L'App Immuni, una favola digitale
La dico subito e la dico tutta. L'App Immuni non serve a nulla.
O meglio
non serve a contenere l'epidemia di Coronavirus. Magari, anche se
fornita gratuitamente al governo italiano, servirà a chi l'ha creata, e "piazzata", a farsi un bel pò di pubblicità ed avere
accesso a migliaia di smart phone di cittadini italiani.
Ammetto
che sono prevenuto nei confronti dell'azione "salvifica"
delle App. Ne ho viste troppe, da quella che, registrando colpetti su
un cocomero, dice se è maturo, a quella che ci fa il check-up completo
senza bisogno di andare dal medico. La colpa, se tali applicazioni
risultano fallimentari, non è comunque degli sviluppatori o
venditori, ma di noi che le usiamo. La delusione è sempre figlia
dell'illusione. E noi che cerchiamo ormai scorciatoie a tutto,
volendo velocemente illuderci di sapere tutto e disquisire su tutto,
riteniamo che un'App, con un paio di clik, possa sostituirsi a ore
trascorse sui libri, anni di lavoro duro per imparare un mestiere,
decenni di esperienza per conoscere le persone etc. etc. In realtà
un'App è semplicemente uno strumento, un mezzo che richiede perizia
e competenza da parte di chi la usa per raggiungere uno scopo. E per raggiungere tale obiettivo dobbiamo tenere un comportamento che non
può essere disgiunto dal cervello, organo che, purtroppo, dovremmo
continuare ad usare con fatica ed umiltà.

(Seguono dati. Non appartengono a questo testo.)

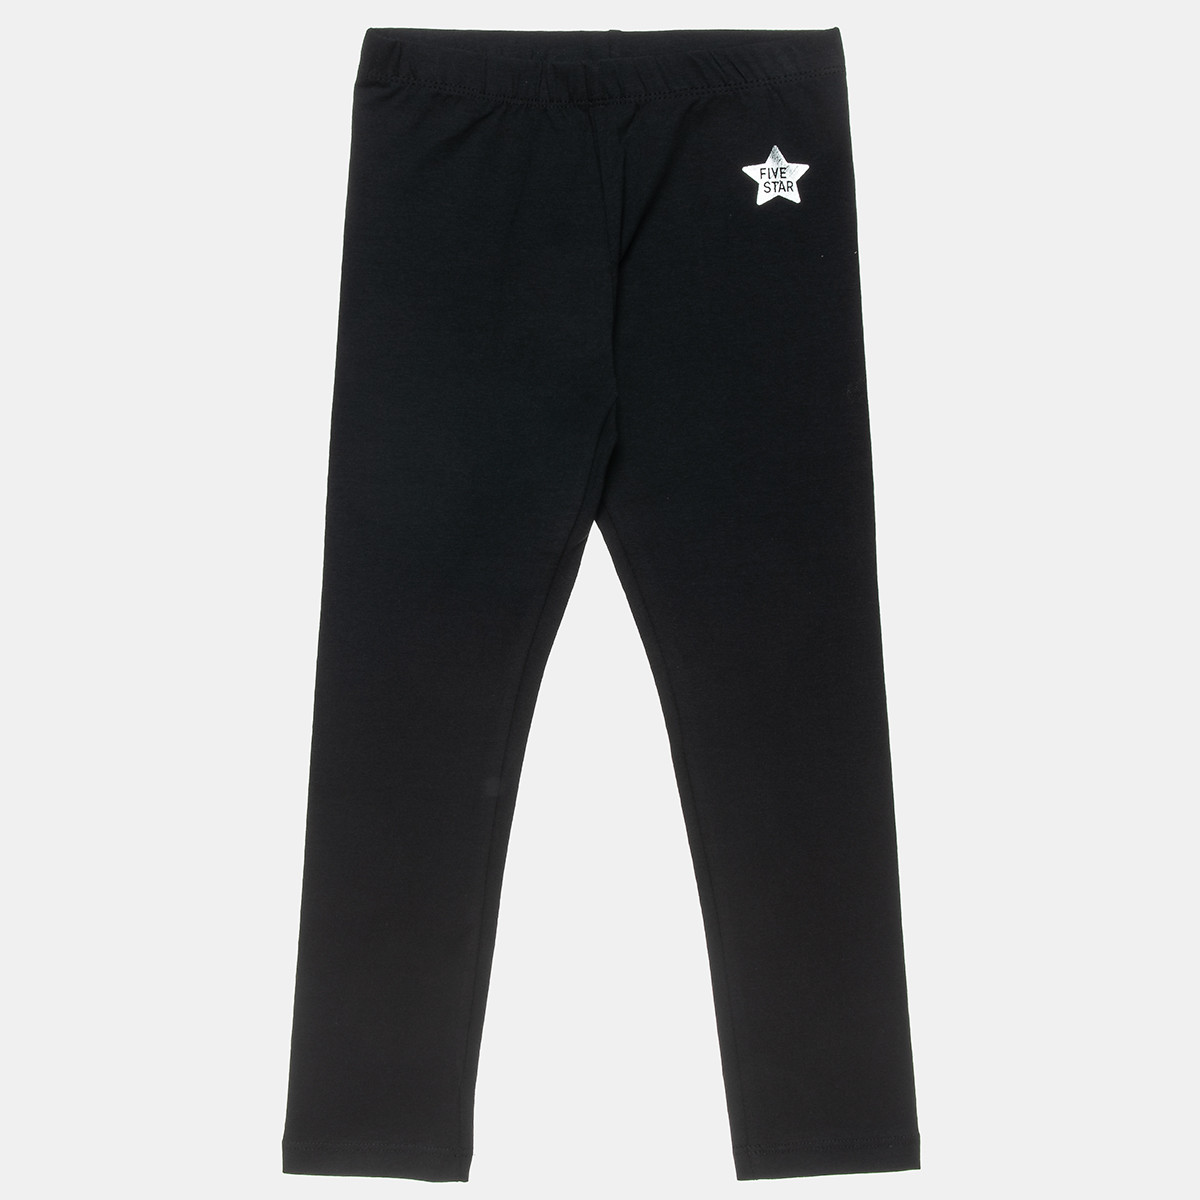 Leggings Five Star light touch (12 months-5 years) - Alouette

Ma torniamo ad Immuni e cerchiamo di capire come funziona (nel video sottostante una scheda sintetica). In sostanza registra i dati sanitari del possessore dello smart phone e, con il bluetooth, memorizza gli identificativi di tutti gli smart phone con cui il possessore del primo dispositivo è stato in contatto. Per cui, quando il primo soggetto si ammala, verificando le persone che ha incontrato a meno di un metro, si risale a tutti gli altri.

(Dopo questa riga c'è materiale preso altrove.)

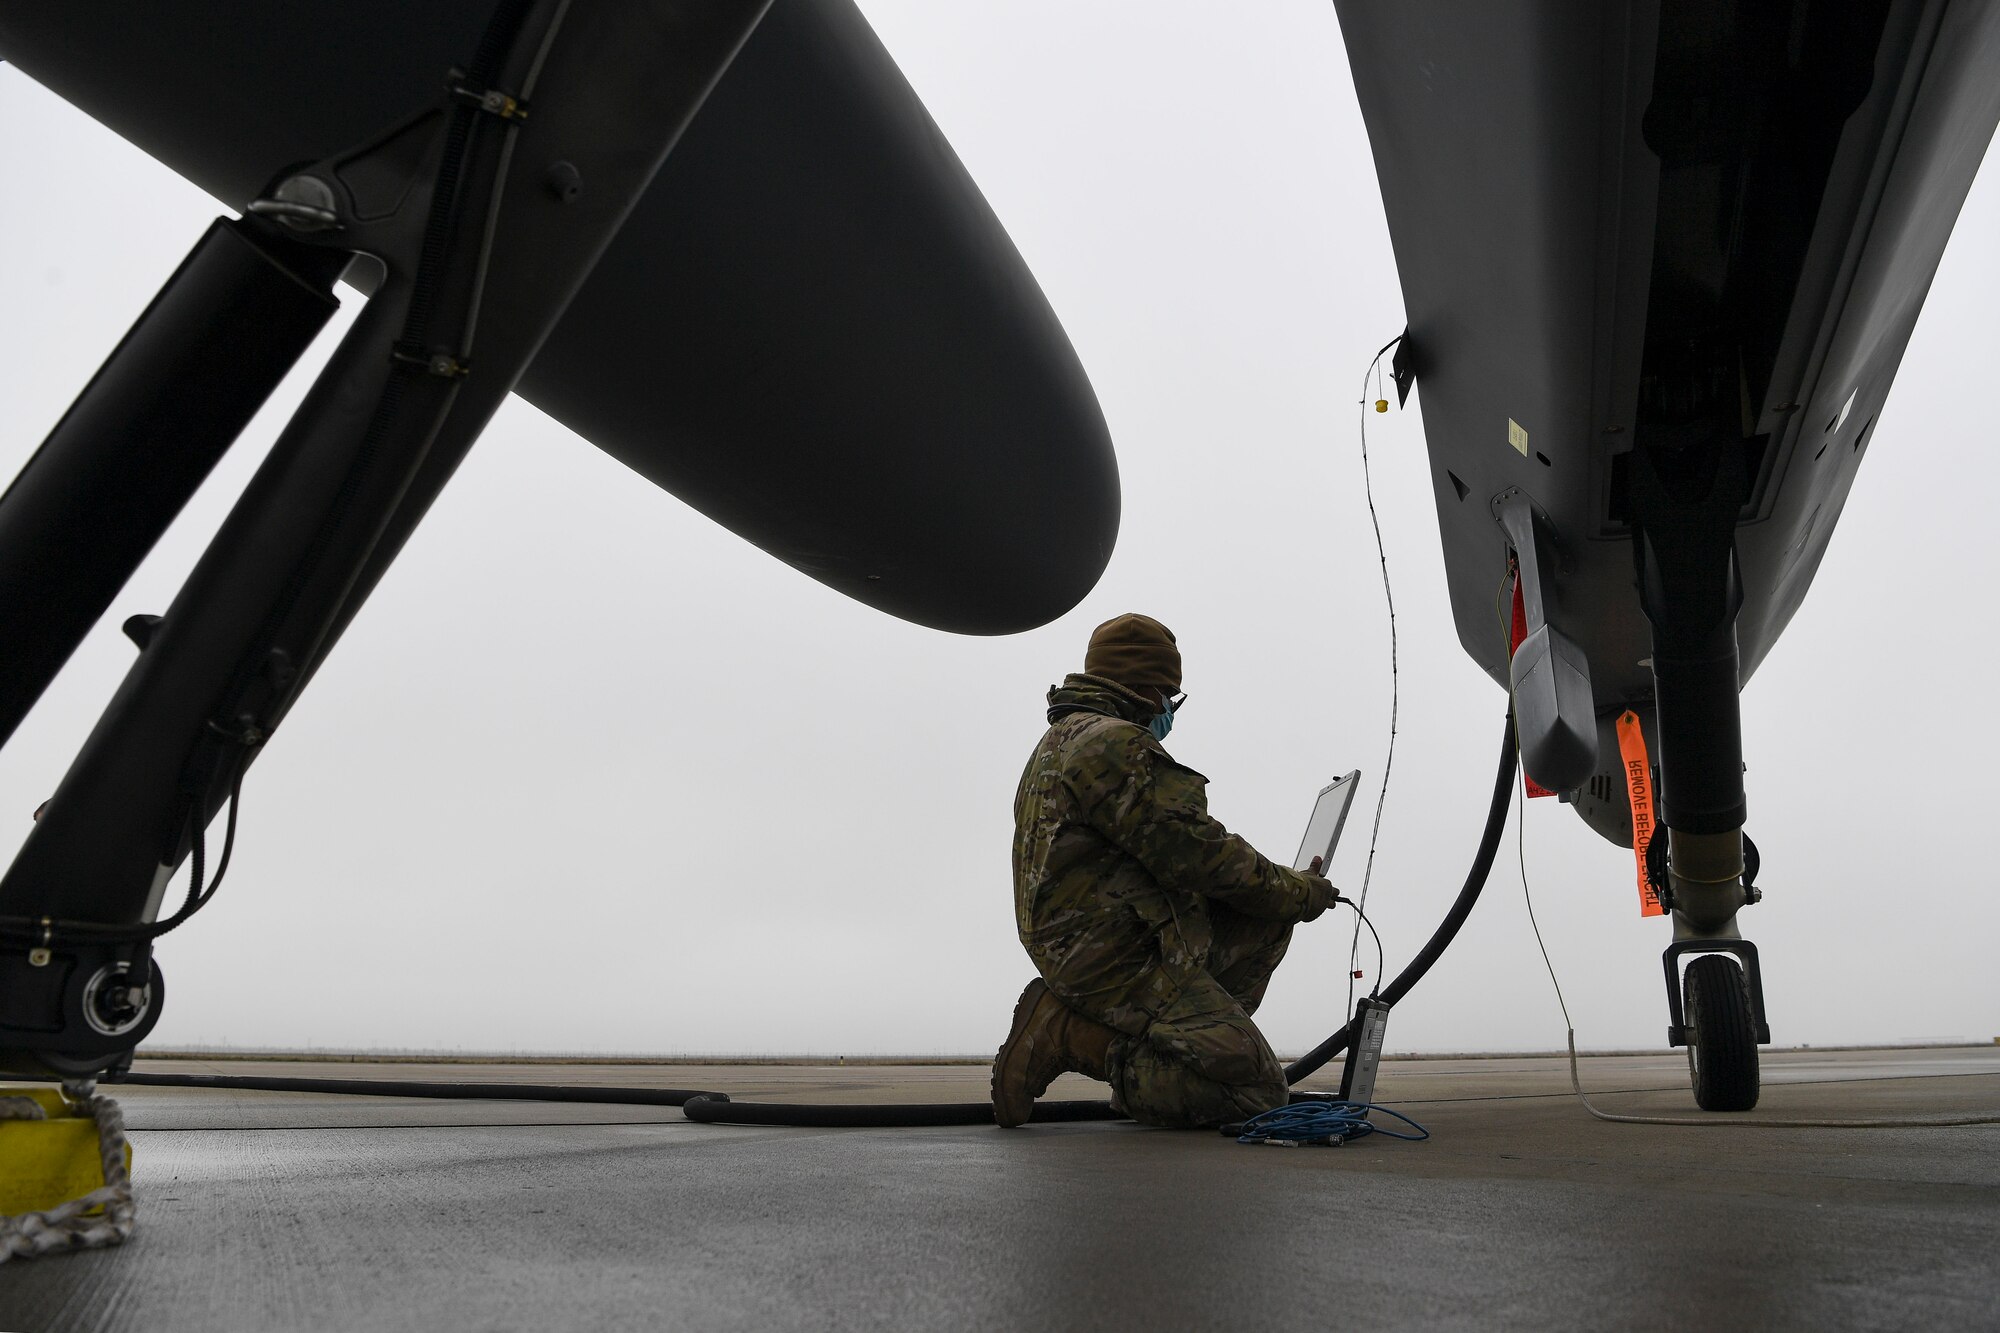 The U.S. Air Force has deployed MQ-9 Reaper aircraft and approximately 90 Airmen to the 71st Air Base at Campia Turzii to conduct intelligence, surveillance and reconnaissance missions in support of NATO operations.

Perchè non serve: 1) anche se con lo smartphone andiamo ovunque, non è detto che titolare dello stesso e possessore coincidano sempre 2) un soggetto asintomatico (e oggi il maggiore rischio è quello) può andare in giro per tutta l'Italia con il suo smart phone in tasca a infettare tutti senza che nessuno lo sappia 3) nel momento in cui viene accertata la positività di chi ha aderito ad Immuni bisogna "tamponare" centinaia di persone che sono passate ad un metro da lui negli ultimi giorni. E questo vale per tutti coloro che sono risultati positivi in quel giorno. Decine di migliaia di tamponi al giorno che il nostro sistema non è in grado di fare e soprattutto non fa velocemente. Senza contare che in moltissimi casi è uno sforzo inutile perchè, per fortuna, essere a meno di un metro da un contagiato non vuol dire automaticamente contagiarsi. 4) L'adesione a Immuni è volontaria e occorre che almeno il 60% della popolazione italiana accetti di aderire al tracciamento perchè ci sia qualche risultato (moltissimi non aderiranno per paura di essere controllati e monitorati nella loro vita privata e nel loro lavoro).

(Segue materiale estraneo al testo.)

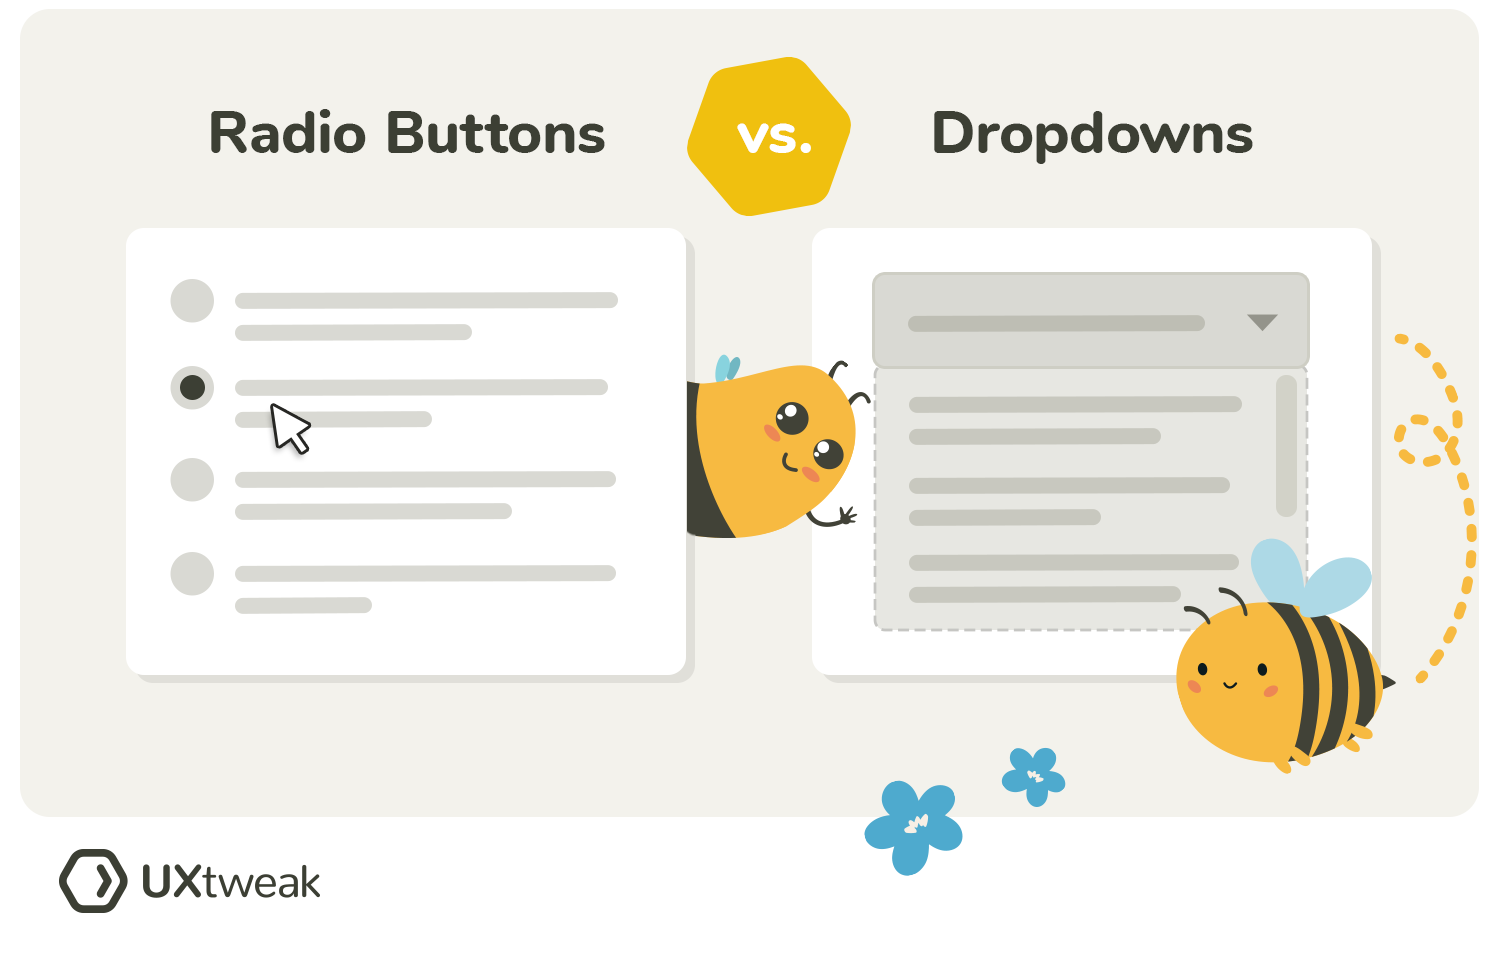 concept testing questions using radio buttons vs dropdowns

Ma se le cose stanno così e si mostrano a noi con una tale disarmante evidenza, come mai continuiamo a contrastare l'uso di Immuni solo perchè sarebbe un attentato alla privacy? Semplicemente perchè la più grande delle nostre illusioni digitali è che, dopo aver trascorso la giornata a smanettare sui social, fare ricerche su Google, usare carte di credito, telepass, e quant'altro, esista ancora la privacy.